Kerndoel 3 – De rol van de media

Selectieprocessen nieuwsvoorziening

Uitleggen dat de nieuwsvoorziening in de media het resultaat is van selectieprocessen.

Het nieuws wat in de media komt wordt geselecteerd (gekozen). Er zijn meerdere momenten waarop een keuze wordt gemaakt:

1. Selectief gebruik van bronnen
Op basis van de selectieve perceptie van de journalist.

2. Selectie om bericht op te nemen
Op basis van onder andere de nieuwswaarde en de identiteit van het medium (zie kerndoel 4 voor alle nieuwsselectiecriteria). De redactie bepaalt wat er wel/niet in het nieuws komt.

3. Selectie bij de presentatie van het nieuws: hoe presenteren we het?
Op basis van het referentiekader van de journalist en de identiteit van het medium.
De eindredacteur bepaalt uiteindelijk en we in het nieuws komt en hoe dit wordt gepresenteerd.

De keuzes worden dus in verschillende stappen genomen: journalisten redactie  eindredacteur.

Nieuwsselectiecriteria

(Her)Kennen welke criteria een rol spelen bij het selecteren van nieuws.

Niet voor alle maatschappelijke vraagstukken is media aandacht, de media selecteert dit: al het nieuws dat je ziet heeft verschillende selectieprocessen doorlopen. Dit moet omdat media beperkte ruimte of zendtijd hebben: niet alles kan getoond worden.
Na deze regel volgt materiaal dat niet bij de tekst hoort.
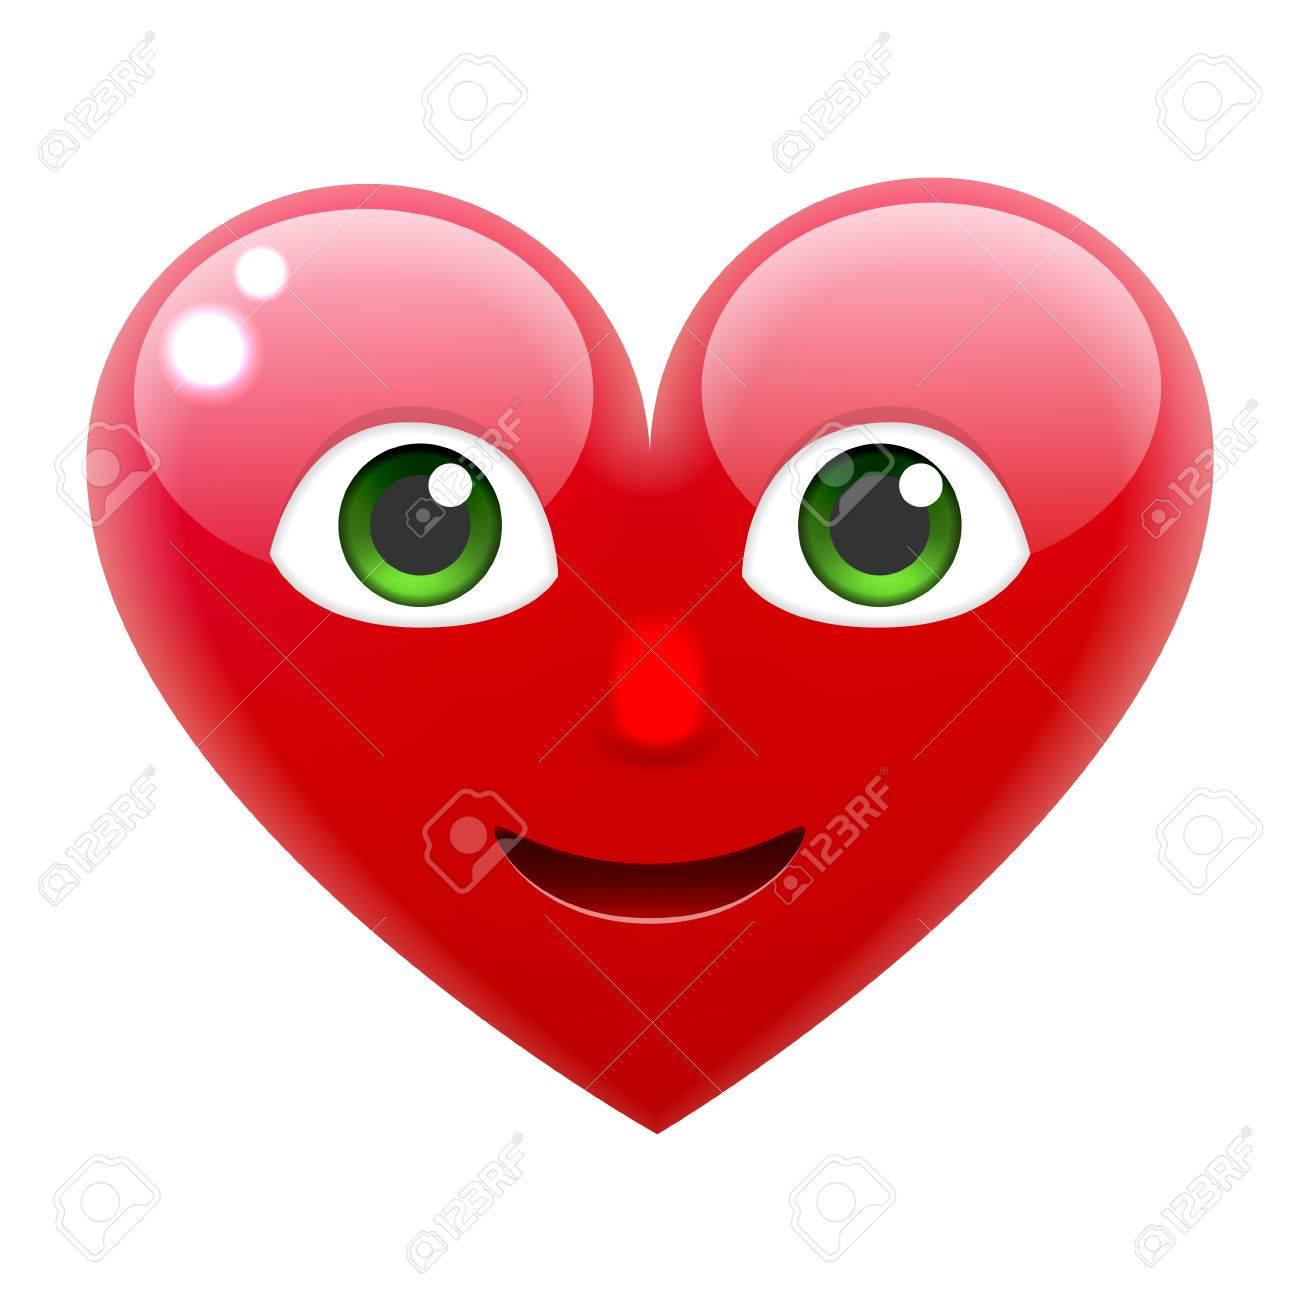 Herz Lacheln Emoticon Herz Emoji Fur Den 14 Februar Fur Den

Bij de selectie van nieuws/ informatie spelen bewust of onbewust de volgende criteria een rol:

Nieuwsselectiecriteria:

eigen waarden en normen van de journalisten
actualiteit
uitzonderlijkheid
de nabijheid (hoe dichtbij voelt het?)
de doelgroep (wat wilt de doelgroep van het medium graag zien, lezen of horen)
commerciële belangen (levert het geld op)
de belangstelling van (een groot)/ het publiek
identiteit/ doelstelling van het medium (wat voor nieuws past bij ons?)

Deze selectie kan tot gevolg hebben dat er onder het publiek een bepaalde (onjuiste) beeldvorming ontstaat.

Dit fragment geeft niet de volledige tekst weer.